Odenthal - Mit großem Aufwand und vor eng gedrängtem Publikum eröffnete der Evangelische Kirchenkreis Köln-Rechtsrheinisch im Altenberger Dom sein dreitägiges Kirchenmusikfestival „Sie bauten ein Abbild des Himmels“. Die Abteikirche des ehemaligen Zisterzienser-Klosters erinnerte damit erneut an den 750. Jahrestag ihrer Grundsteinlegung. Die Feier gestalteten über 200 Mitwirkende: Chöre, Orchester und Solisten.
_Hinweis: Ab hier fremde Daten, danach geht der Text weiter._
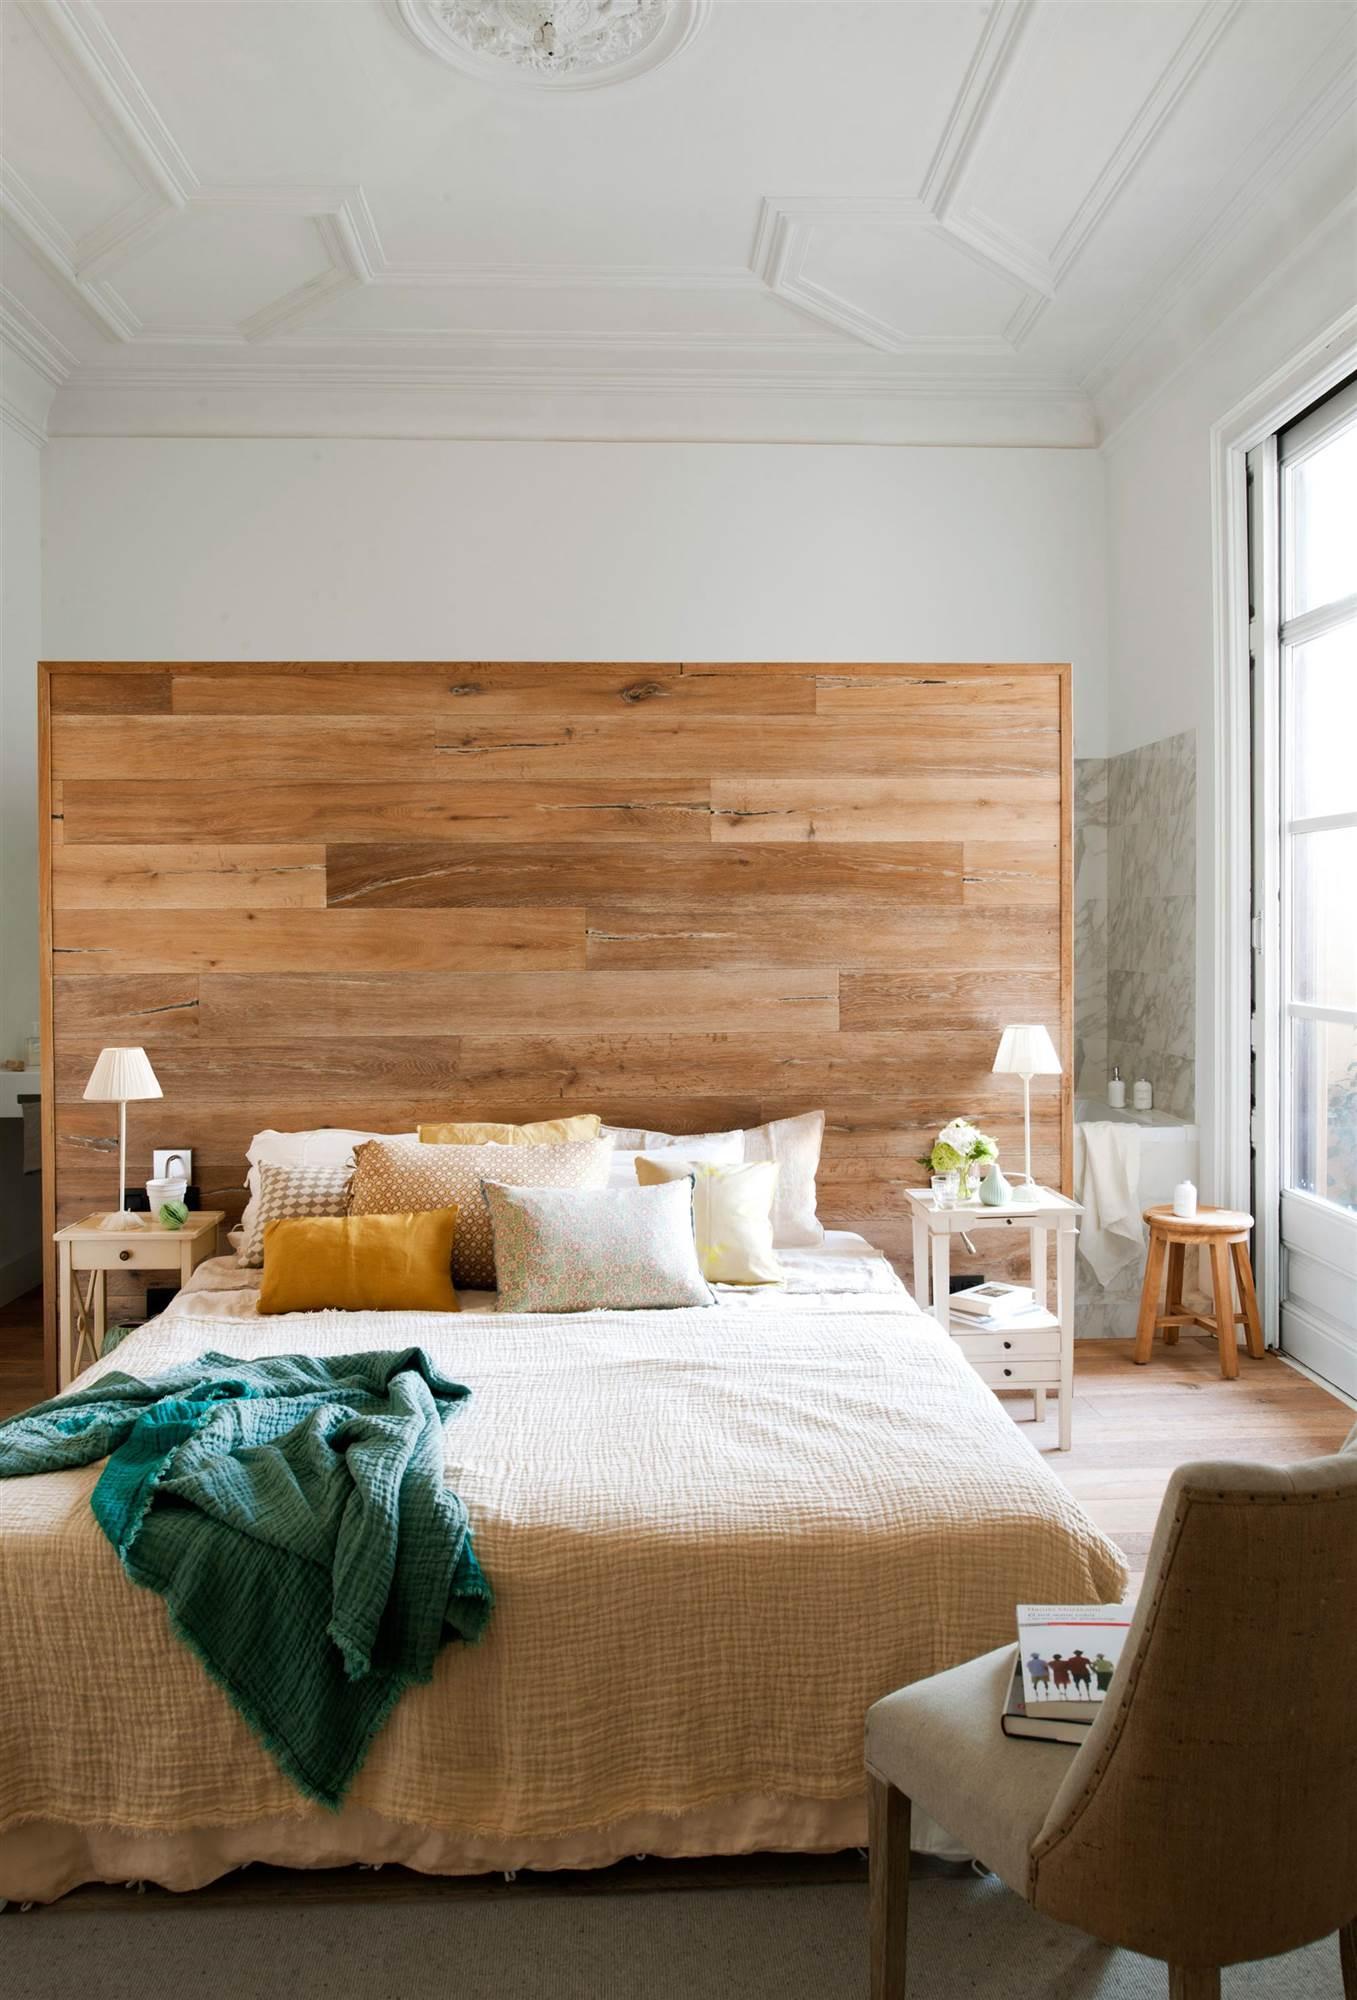 dormitorio-con-techo-decorado-con-molduras_00395788_2fd8b468_1357x2000

Auf dem Programm standen zwei anspruchsvolle, außergewöhnliche Werke; zunächst der „Prolog im Himmel“ aus der Oper „Mefistofele“ von Arrigo Boito. Der Komponist und Dichter der Wagner- und Verdi-Zeit verwandte den gleichnamigen Teil aus Goethes „Faust I“, der die Wette des Satans mit Gott um die Seele Fausts beinhaltet. Boito ersetzte Goethes Erzengel durch den Chor „Cherubini“, dem Knaben und Mädchen der Chöre am Kölner Dom in der Einstudierung von Oliver Sperling Stimme gaben: zart und trotzdem gut hörbar, mit Steigerungen in den gebetartigen Teilen.
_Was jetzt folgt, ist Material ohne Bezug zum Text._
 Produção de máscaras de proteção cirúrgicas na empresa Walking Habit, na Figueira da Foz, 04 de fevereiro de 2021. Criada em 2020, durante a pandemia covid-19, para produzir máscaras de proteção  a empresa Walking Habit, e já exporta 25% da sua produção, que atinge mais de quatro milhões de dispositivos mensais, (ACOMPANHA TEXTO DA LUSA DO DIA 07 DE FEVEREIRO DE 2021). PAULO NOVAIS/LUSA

Der Chor der Büßerinnen wurde im Wesentlichen von den Frauenstimmen des Oratorienchores Köln gesungen, zu denen in den „Himmlischen Heerscharen“ die überzeugenden Männerstimmen des international geschätzten Kühn-Chores aus Prag kamen. Im gemeinsamen Singen aller dieser Chöre ging die Textverständlichkeit allerdings verloren. Johannes Beck als Mefistofeles beherrschte mit seinem mächtigen Bass-Bariton das Geschehen gegen die Stimme des Herrn, den „Mystischen Chor“.

Nach diesem beeindruckenden Einstieg glänzte das Orchester mit Gustav Mahlers 2. Sinfonie c-Moll, die man wegen ihrer Komplexität auch als Sinfoniekantate bezeichnet. Die Bergischen Symphoniker - aus den Orchestern der Städte Remscheid und Solingen entstanden - boten etwa 80 Musiker auf, allein zehn Hörner, sechs Trompeten, zwei Harfen, fünf Klarinetten sowie weitere Bläser, viele Streicher und Schlagzeuger.

Andreas Meisner, der Evangelische Kirchenmusikdirektor am Altenberger Dom, hatte das gewaltige Ensemble zu steuern. Und es gelang ihm gut. Schon der erste Satz der Sinfonie - von Mahler als „Totenfeier“ betitelt - riss die Zuhörer von einer Gefühlswelt in die andere. Ungeheure, bedrohliche Kraft brachte das Orchester hervor und kontrastierte mit fast unvermittelt sich immer wieder aufdrängenden zarten Melodien. Hörner und Schlagzeuge intonierten einen dumpf schreitenden Rhythmus. Aufschreie und Klagetöne verbreiteten Angst und Untergangsstimmung, gegen die die manchmal versöhnenden Streicher kaum ankamen. Diesen Eindrücken der Hoffnungslosigkeit folgte überraschend ein tänzerisches Andante, das jedoch nur vorübergehend beruhigte. Genauso ging es im Scherzo, das aus humorvoller Stimmung im Tutti-Chaos endete. Erst im kurzen vierten Satz deutete sich eine Erlösung an. Dazu setzte Mahler die menschliche Stimme und das Wort zusätzlich ein: Warm und feierlich schlicht sang die Altistin Maren Maxeiner das Lied „Urlicht“ aus „Des Knaben Wunderhorn“ mit der Erkenntnis „Ich bin von Gott und ich will wieder zu Gott“.

Aber einer Erfüllung dieser Vision trat im letzten Satz der Sinfonie das Grenzen sprengende Jüngste Gericht donnernd entgegen. Aus der Ferne des Querschiffes ertönte ein hauptsächlich mit Blechbläsern besetztes Extraorchester, das bis auf einen kleinen Ausrutscher die höchsten Höhen überzeugend traf. Meisner trieb das Orchester zu extremer Lautstärke und zu stillen Passagen bis zum erlösenden Einsatz der stimmgewaltigen Schlusschöre und der Gesangssolistinnen (neben der Altistin die Sopranistin Martina Winter): „Aufersteh'n, ja aufersteh'n wirst du“ intonierten Sänger und Orchester in einer überaus überzeugenden Klangfülle. Der sich anschließende Applaus wollte kaum enden.